During the process of criminal proceedings, prosecutors are a party to the litigation, and are therefore not fair or impartial participants in the trial.
For this reason, if we were to allow prosecutors to be a party to a case and provide them with an enforceable right to make a disposition, that would not only be unfair and unjust, but would be subject to abuse and overreach.
Therefore, in a modern democracy, a prosecutor should have no enforceable right to make a disposition whatsoever against a defendant.
This legal concept has long been established in Taiwan since the early 1990s, especially among legislators belonging to the Democratic Progressive Party (DPP), who requested a constitutional interpretation on the issue in 1995.
These legislators invited me to be the appraiser of the legal question submitted before the grand justices. As such, I went before the court and strongly advocated that they abolish prosecutors’ right to custody/pretrial detention, the motion of which was subsequently adopted by the grand justices.

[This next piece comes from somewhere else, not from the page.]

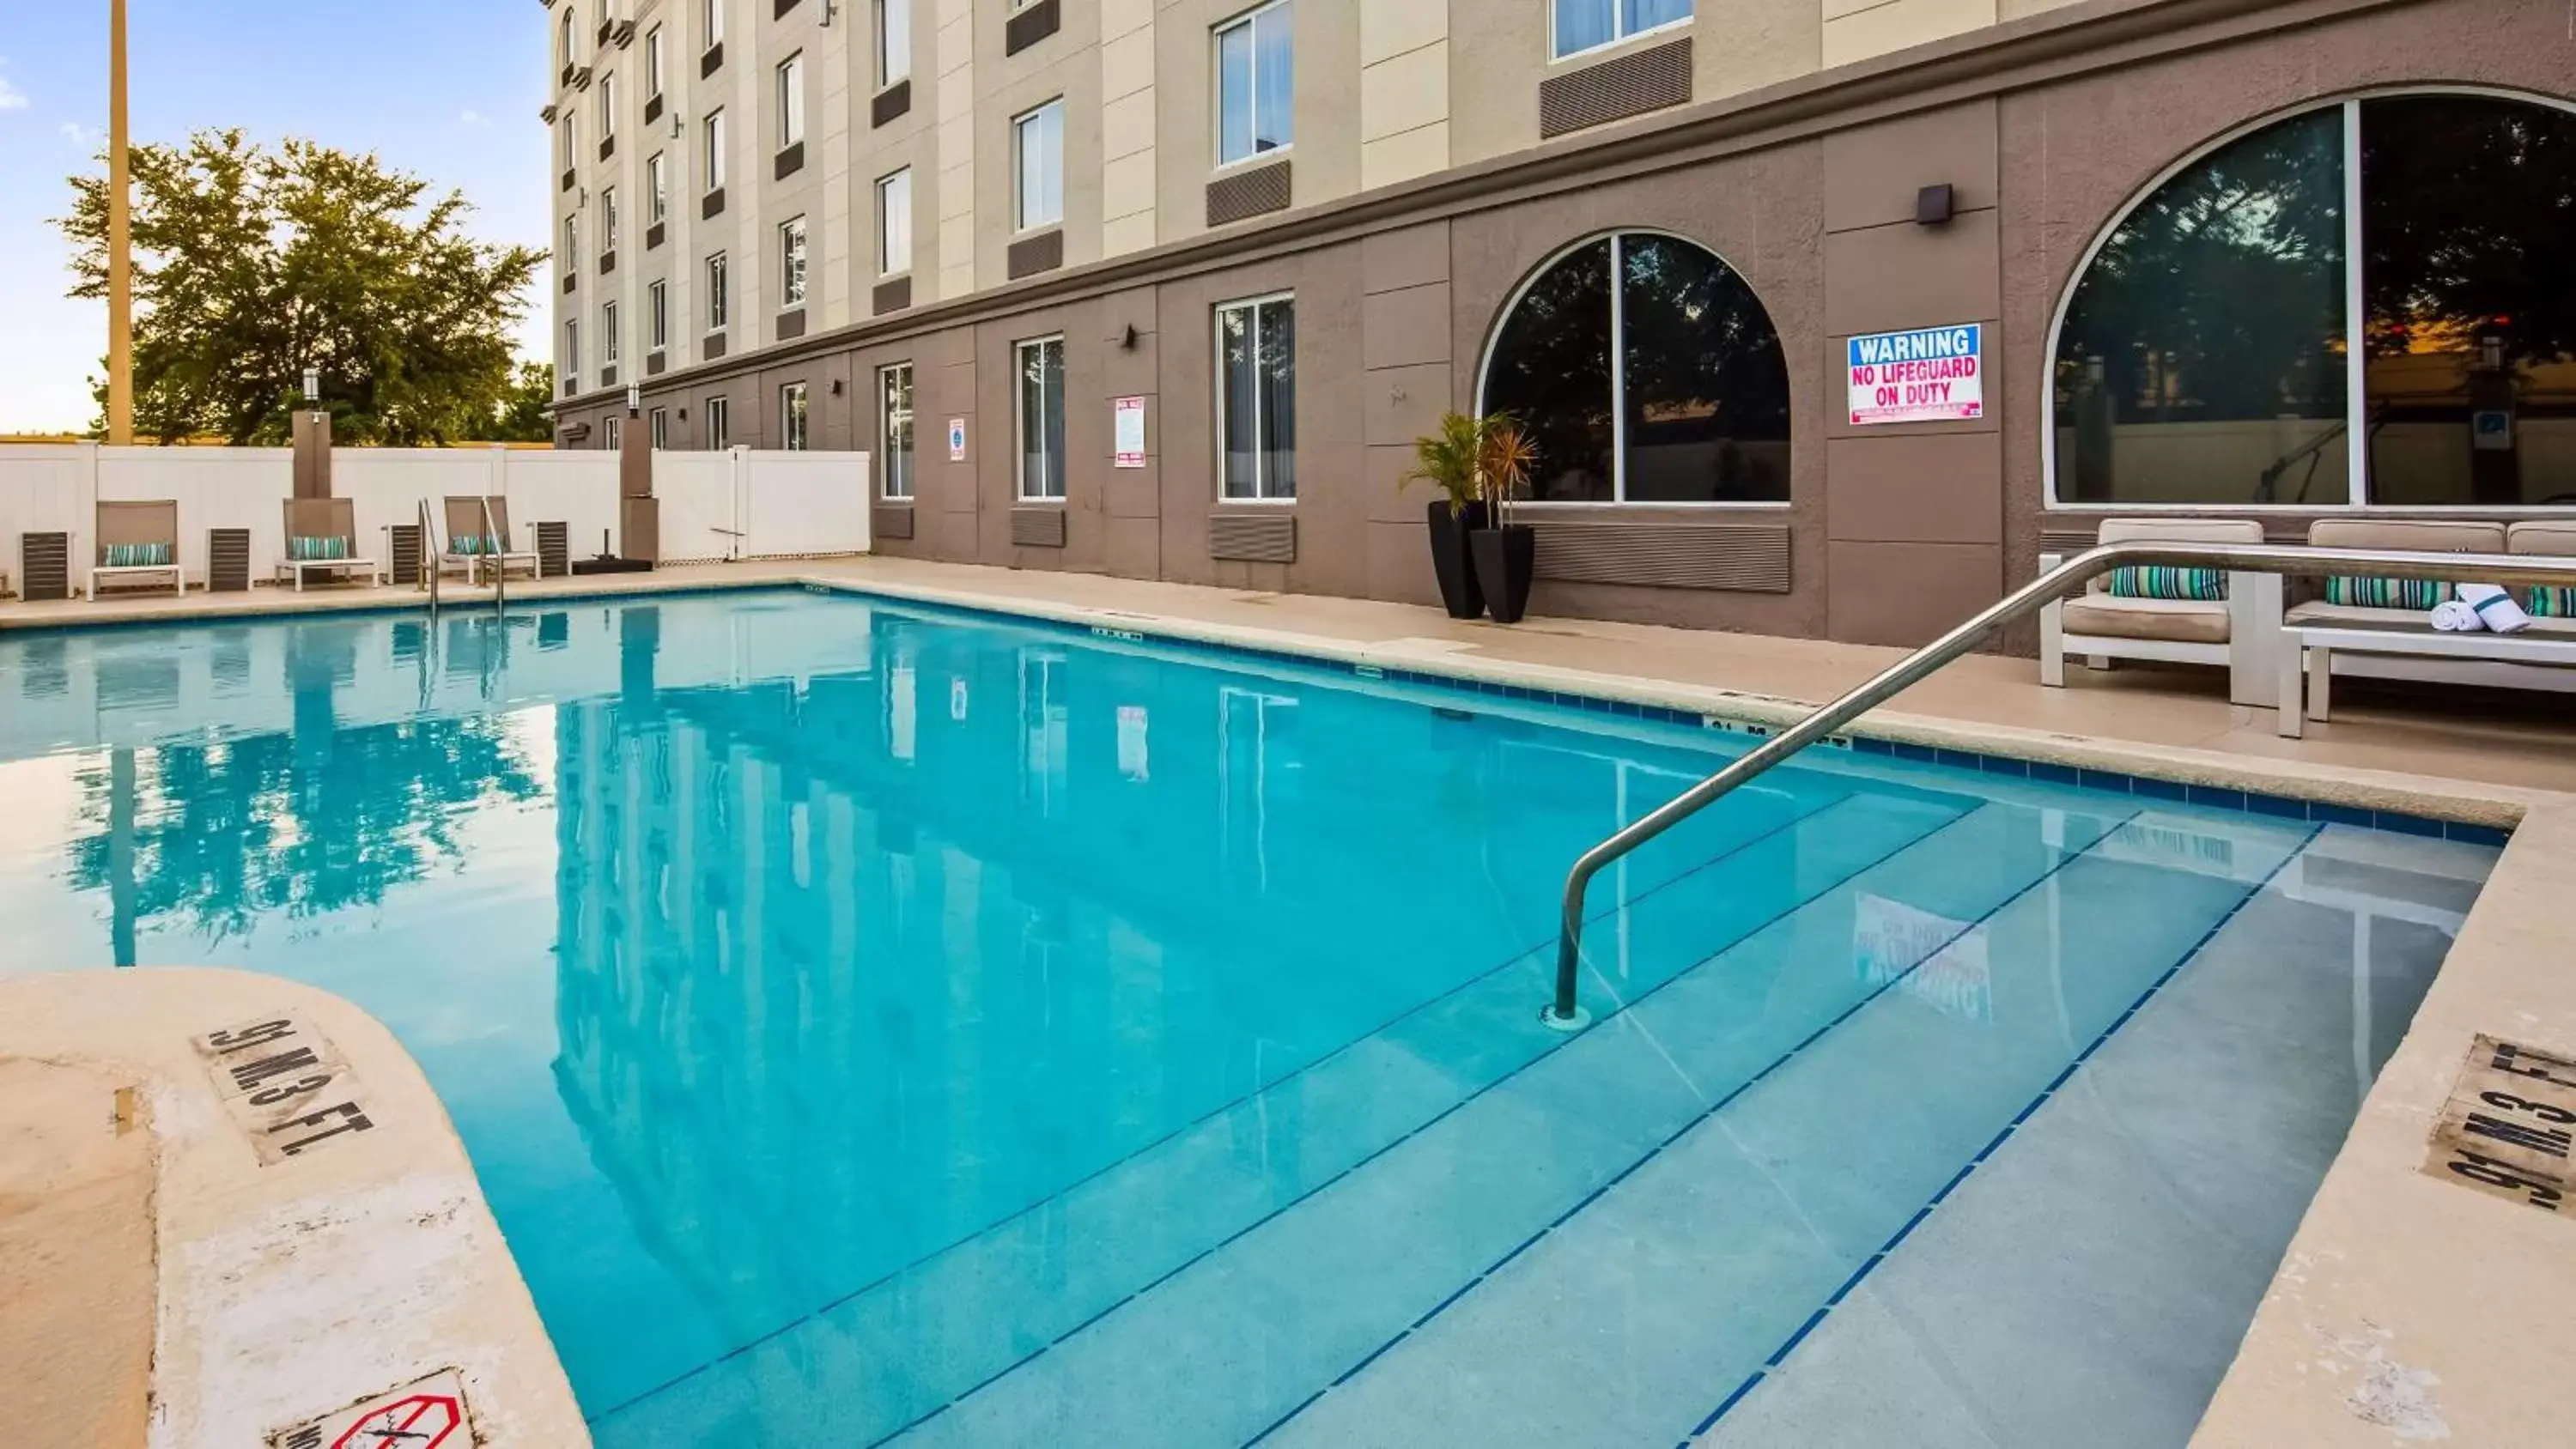 On site, Swimming Pool in Best Western Airport Inn & Suites

In 1998, another appraiser went before the grand justices and proposed an interpretation for the abolition of prosecutors’ right to searches.
I was asked to comment on the matter, and I submitted an article in which I expounded upon my ideas that, as prosecutors were considered parties to legal cases, they should in no way have any enforceable power to make dispositions.
As a result, not only should prosecutors’ rights to searches be abolished, so too should their right to detain — restraining people’s freedom of movement — otherwise the reform could not be considered complete.
However, as the person who requested the interpretation only specified the prosecutors’ right to search, the interpretation did not broach the issue of the right to detain.
That being the case, this day, the fears I had at the time has come to pass.
When a problem with prosecutors occurs, they fully shift their responsibility to the police and do not reflect on the matter in the least, which is a problem for the nation and the public.
I am well aware that neither the legal world nor prosecutors are fond of outside criticism, but they must know that criticism is the driving force behind progress and without it, there could be no progress.
Huan Tong-shong is a former president of National Chung Hsing University.